In deregulated markets, the electric utilities must shoulder the entire risk of building and operating them. This makes Wall Street edgy, increasing the risk premium on anything nuclear. While the up-front costs of nuclear power are large, the operating costs are relatively low, exactly the opposite of combined-cycle natural gas generation with low upfront costs, but very volatile operating costs. Combining them minimizes the weighted risk-adjusted levelized cost of electricity. However, building nuclear plants hinges on the cost of capital available to nuclear investors.

One way to lower that cost is by completing the plants under construction on time and on budget. Another way to lower the cost of capital is to reduce the size of upfront costs required to add a nuclear plant to a portfolio of generating assets. Small Modular Reactors, SMRs, can provide nuclear power at a lower initial investment. All SMRs being considered for near-term development in the U.S. (but not in other countries) are passively safe, e.g., after the Babcock & Wilcox mPower reactor shuts itself off, because of its underground design, the reactor’s heat dissipates into the earth surrounding it. The U.S. nuclear navy has been safely using small Light Water Reactors for almost 60 years.

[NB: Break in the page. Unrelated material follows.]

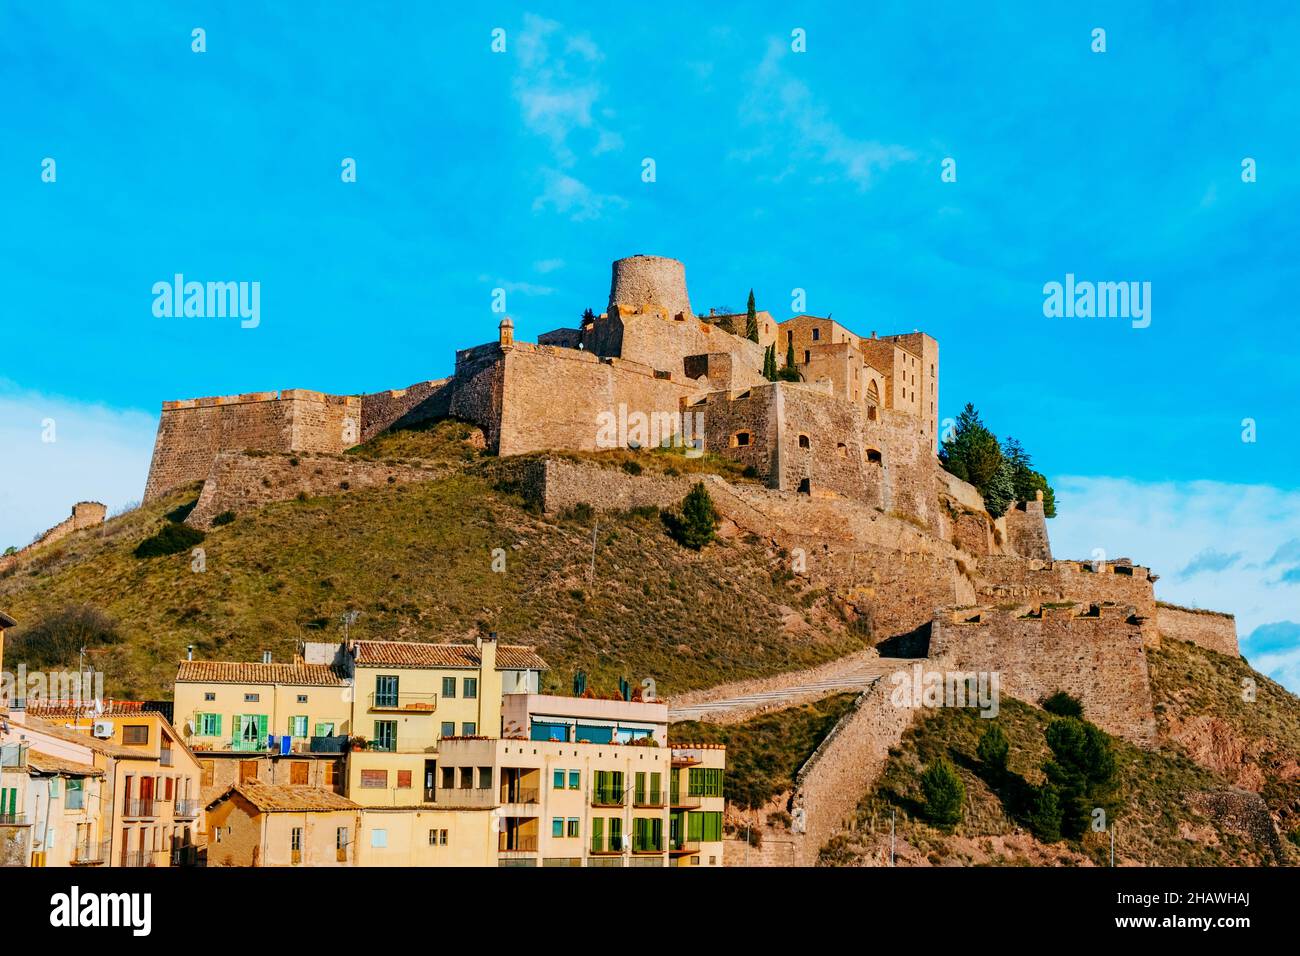 a panoramic view of the old town of Cardona, in Catalonia, Spain, highlighting the medieval Castle of Cardona at the top of the hill Stock Photo
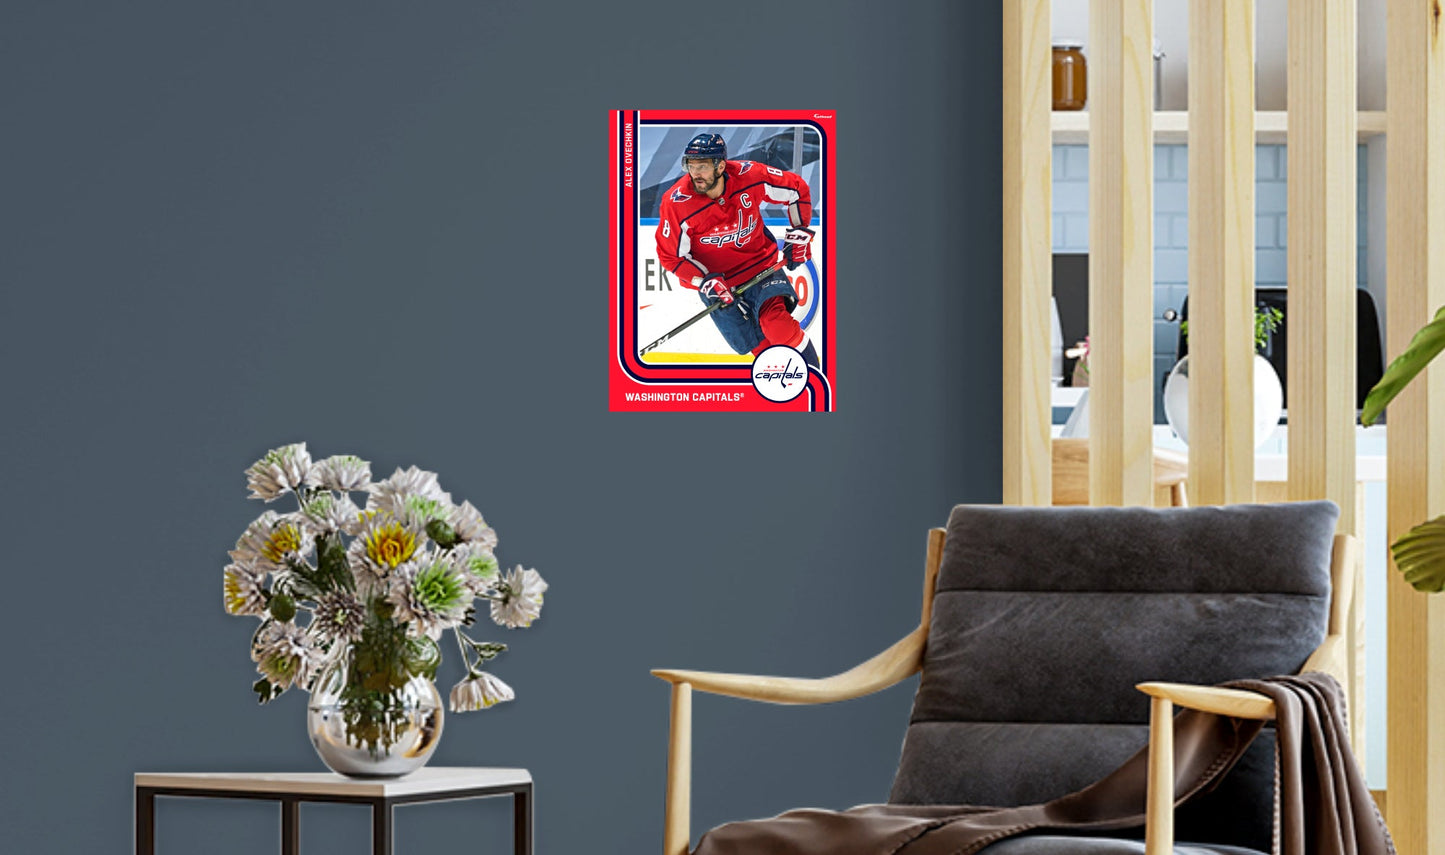 Washington Capitals: Alex Ovechkin Poster - Officially Licensed NHL Removable Adhesive Decal

Deploying a new technology also allows the formation of a new system for handling used nuclear fuel. If Congress is able to remove the requirement that licensing interim used nuclear fuel facilities depends on licensing a geologic repository, electric utility-owned interim storage facilities can provide storage to the year 2222 for less than electric utilities’ contributions to the Nuclear Waste Trust Fund.